Multiple Authentication Schemes

By: Chris Dunn

If you haven't read my post on cookie authentication in .net core, I suggest you do that now since I will be referencing it in the following post.

There will be times when you will want more than one sign in under a web application.  This usually involves a member section and an administrative section of your application.  You could write two separate applications, one for the front-end, and another for the back-end.  Sometimes this is overkill and tricky depending on your deployment infrastructure. 

Finally, you could merge the admin user and members and instead utilize "roles".  If you've looked at all of those options and they don't fit, then we could simply provide two Authentication Schemes for the application.

So, building on my first cookie authentication post's example, let's look at the ConfigureServices method of the StartUp class.  When we are adding our Authentication to the services, where we originally added a single cookie, we can simply add a second cookie with a different scheme name. 

In the code below, the first parameter in the AddCookie method is the Scheme name.  For this example, I called one scheme "admin" for the backend, and one "member" for the front-end.  I have also pointed to the associated paths for login and denied as well as a unique cookie name for the scheme.

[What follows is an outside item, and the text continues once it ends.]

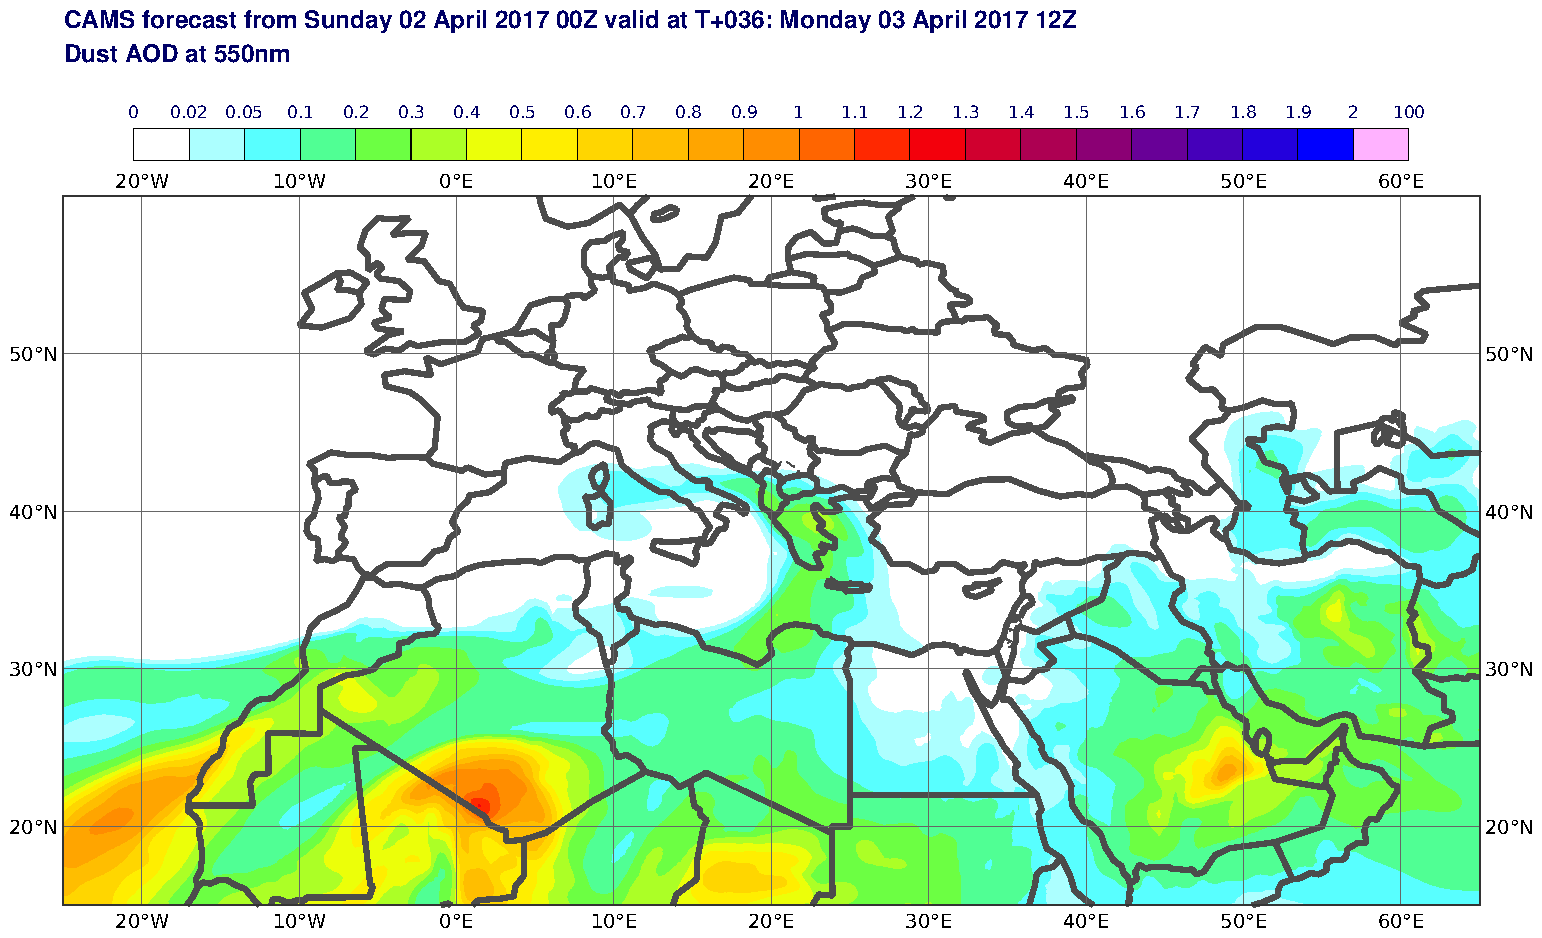 Dust AOD at 550nm valid at T36 - 2017-04-03 12:00

//Add cookie authentication configuration
            services.AddAuthentication(CookieAuthenticationDefaults.AuthenticationScheme)
                 .AddCookie("admin",
                    options =>
                    {
                        options.LoginPath = new PathString("/admin/auth/signin");
                        options.AccessDeniedPath = new PathString("/admin/auth/denied");
                        options.Cookie.Name = "AdminCookieAuth";

                    })
                .AddCookie("member".
                    options =>
                    {
                        options.LoginPath = new PathString("/auth/signin");
                        options.AccessDeniedPath = new PathString("/auth/denied");
                        options.Cookie.Name = "MemberCookieAuth";
                    });

In the Sign In action methods for the AuthControllers for each area, we'll need to specify the scheme name as the first parameter of the HttpContext.SignInAsync method.

                await HttpContext.SignInAsync("admin",
                    principal,
                    new AuthenticationProperties
                    {
                        ExpiresUtc = DateTime.UtcNow.AddMinutes(25),
                        AllowRefresh = false,
                        IsPersistent = false
                    });

                await HttpContext.SignInAsync("member",
                    principal,
                    new AuthenticationProperties
                    {
                        ExpiresUtc = DateTime.UtcNow.AddMinutes(25),
                        AllowRefresh = false,
                        IsPersistent = false
                    });

Now, to protect a controller or action with the Authorize attribute, we now need to provide the sheme we are authorizing instead of an empty attribute. We use Authorize(AuthenticationSchemes = "admin") to indicate the admin scheme. In my example I am placing the administrative back end under a separate area, hence the Area attribute, but you don't need to do so if you organize differently.

    [Area("Admin")]
    [Authorize(AuthenticationSchemes = "admin")]
    public class AdminHomeController : Controller
    {

   }

    [Authorize(AuthenticationSchemes = "member")]
    public class MemberHomeController : Controller
    {

   }

And that's all there is to having more than one sign in for a single web application. In this post i've outlined two schemes but you can obviously have more if you are so inclined.